Acceleration of 2nd body (a\(_2\)) = ?
Solution :
We know that,
F = m × a
∴ F\(_1\) = m\(_1\) × a\(_1\)
∴ F\(_1\) = 16 × 3
∴ F\(_1\) = 48 N
And,
F\(_2\) = m\(_2\) × a\(_2\)
∴ a\(_2\) = \(\large \frac {F_2}{m_2}\)
∴ a\(_2\) = \(\large \frac {48}{24}\)
∴ a\(_2\) = 2 m/s²
Ans: The force acting on the 1st body is 48 N and the acceleration of the 2nd body is 2 m/s².
c) A bullet having a mass of 10 g and moving with a speed of 1.5 m/s, penetrates a thick wooden plank of mass 900 g. The plank was initially at rest. The bullet gets embedded in the plank and both move together. Determine their velocity.
Given :
Mass of bullet (m\(_1\)) = 10 g = \(\large \frac {10}{1000}\) kg = 0.010 kg
Mass of plank (m\(_2\)) = 90 g \(\large \frac {90}{1000}\) kg = 0.090 kg
Initial velocity of bullet (u\(_1\)) = 1.5 m/s
Initial velocity of plank (u\(_2\)) = 0 m/s
To find :
Common velocity (v) = ?
Solution :
Let v\(_1\) and v\(_2\) be the common velocities of the bullet and plank
∴ v\(_1\) = v\(_2\) = v
We know that,
m\(_1\) u\(_1\)+ m\(_2\) u\(_2\) = m\(_1\) v\(_1\) + m\(_2\) v\(_2\)
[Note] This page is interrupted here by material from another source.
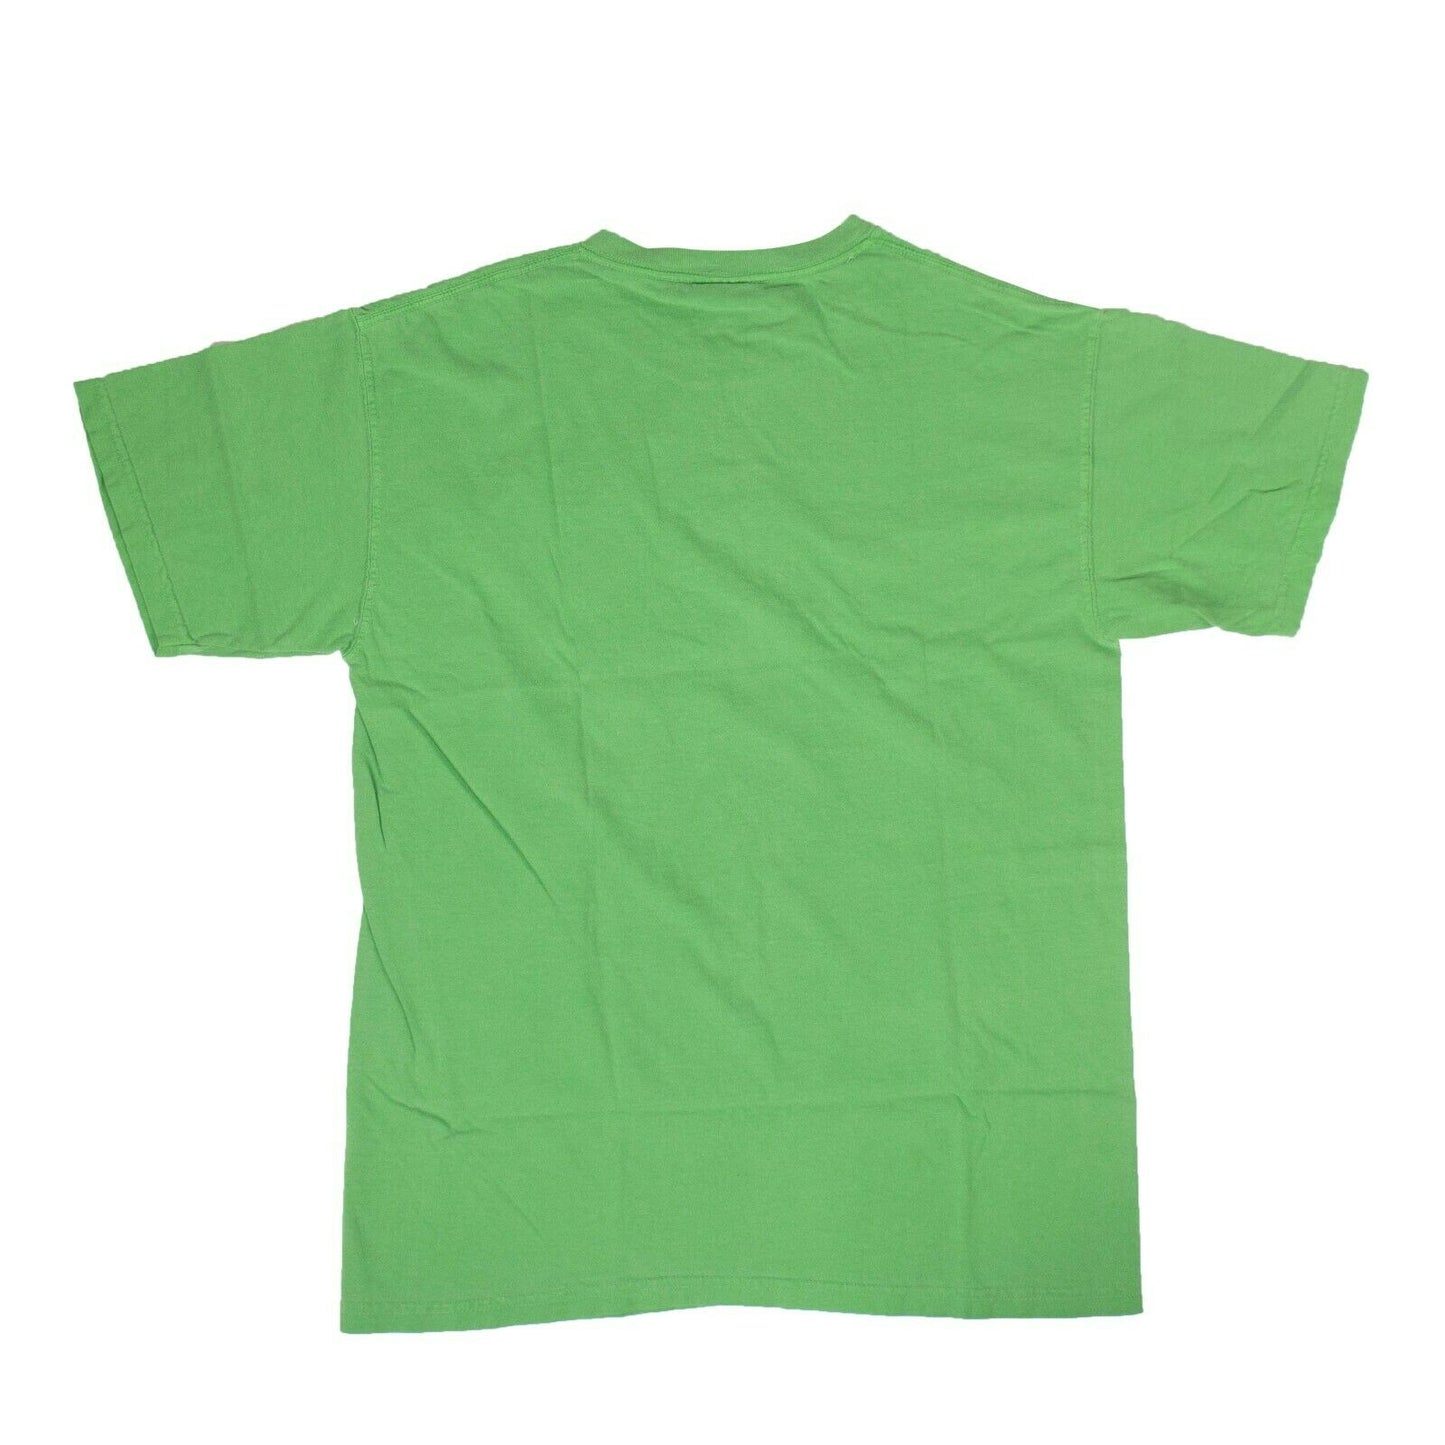 Halfway Dead "Lightning Skull" Logo Short Sleeves T-Shirt - Green

∴ (0.01 × 1.5) + (0.09 × 0) = (0.01 × v) + (0.09 × v)
∴ 0.015 + 0 = v (0.01 + 0.09)
∴ 0.015 = 0.1v
∴ v = \(\large \frac {0.015}{0.1}\)
∴ v = 0.15 m/s
Ans: The plank moves with a velocity of 0.15 m/s.
d) A person swims 100 m in the first 40 s, 80 m in the next 40 s and 45 m in the last 20 s. What is the average speed?
Given :
Total distance (d) = 100 + 80 + 45 = 225 m
Total time taken (t) = 40 + 40 + 20 = 100 s
To find :
Average speed
Solution :
We know that,
Average speed = \(\large \frac {Total\, distance \, covered}{Total\, time \, taken}\)
∴ Average speed = \(\large \frac {225}{100}\)
∴ Average speed = 2.25 m/s
Ans: The person swims with an average speed of 2.25 m/s.